Rearchitecting Classification Frameworks For Increased Robustness
Varun Chandrasekaran, Brian Tang, Nicolas Papernot, Kassem Fawaz,, Somesh Jha, Xi Wu

TL;DR
This paper proposes a new classification framework that leverages object invariances to improve neural network robustness against adversarial inputs without sacrificing accuracy.
Contribution
It introduces methods to extract and model invariances and designs a classification paradigm that enhances robustness and accuracy simultaneously.
Findings
Invariance-based methods improve robustness to adversarial attacks.
The proposed framework maintains high accuracy on natural inputs.

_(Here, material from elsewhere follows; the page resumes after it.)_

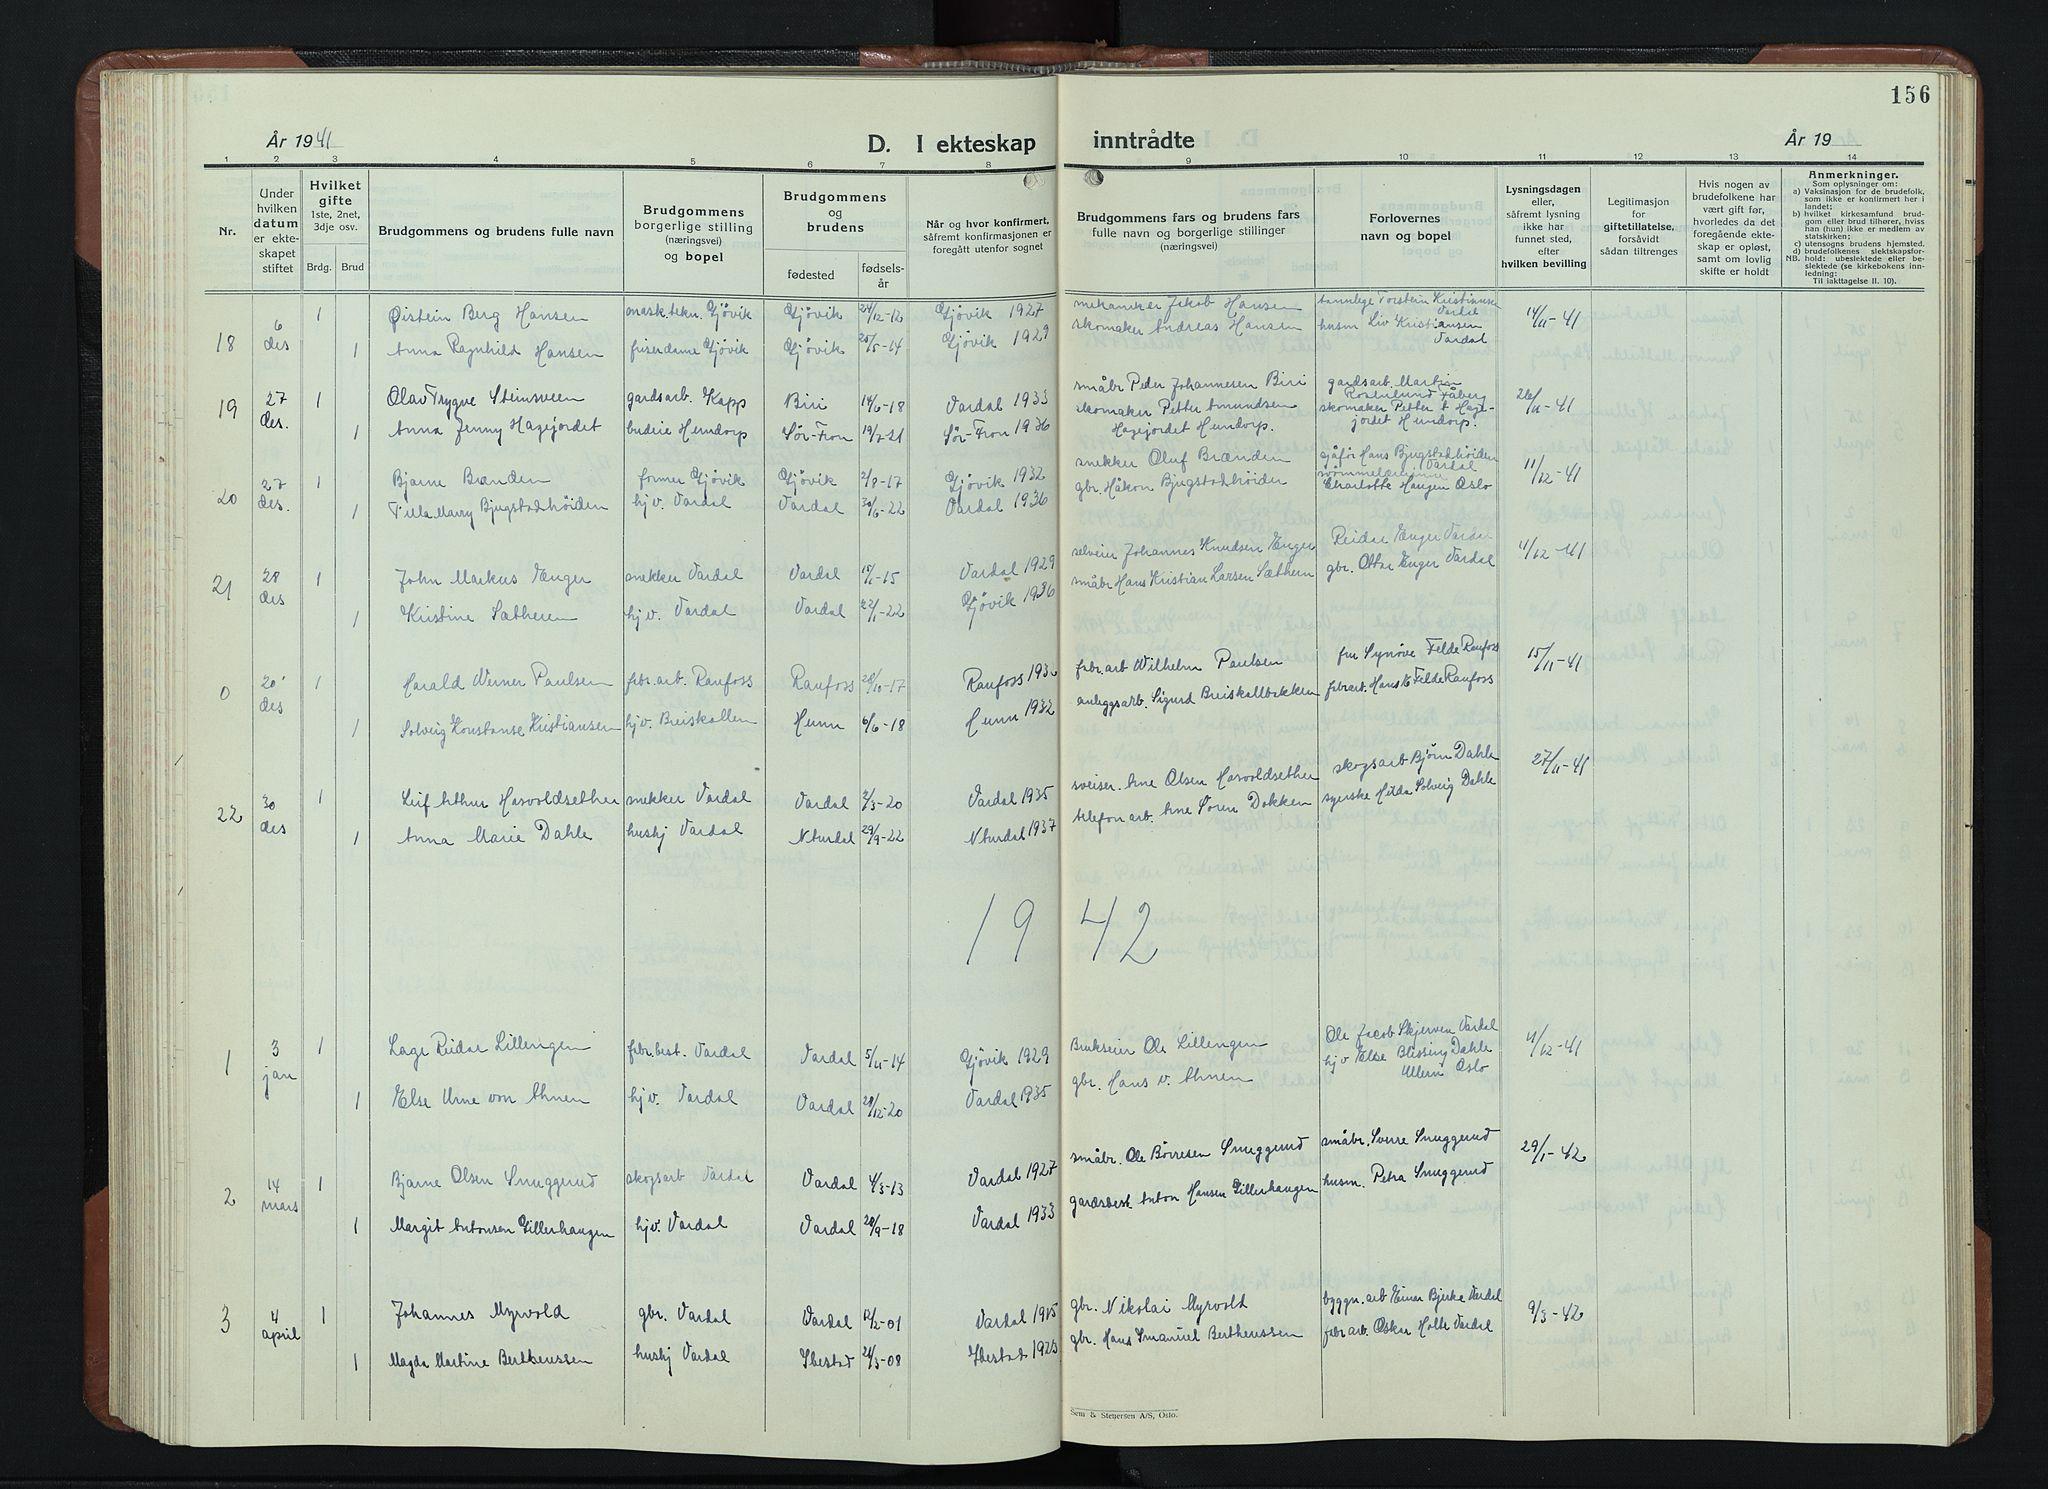 SAH, Vardal prestekontor, H/Ha/Hab/L0018: Klokkerbok nr. 18, 1931-1951, s. 156

Experimental results show better robustness-accuracy trade-offs.
Abstract
While generalizing well over natural inputs, neural networks are vulnerable to adversarial inputs. Existing defenses against adversarial inputs have largely been detached from the real world. These defenses also come at a cost to accuracy. Fortunately, there are invariances of an object that are its salient features; when we break them it will necessarily change the perception of the object. We find that applying invariants to the classification task makes robustness and accuracy feasible together. Two questions follow: how to extract and model these invariances? and how to design a classification paradigm that leverages these invariances to improve the robustness accuracy trade-off? The remainder of the paper discusses solutions to the aformenetioned questions.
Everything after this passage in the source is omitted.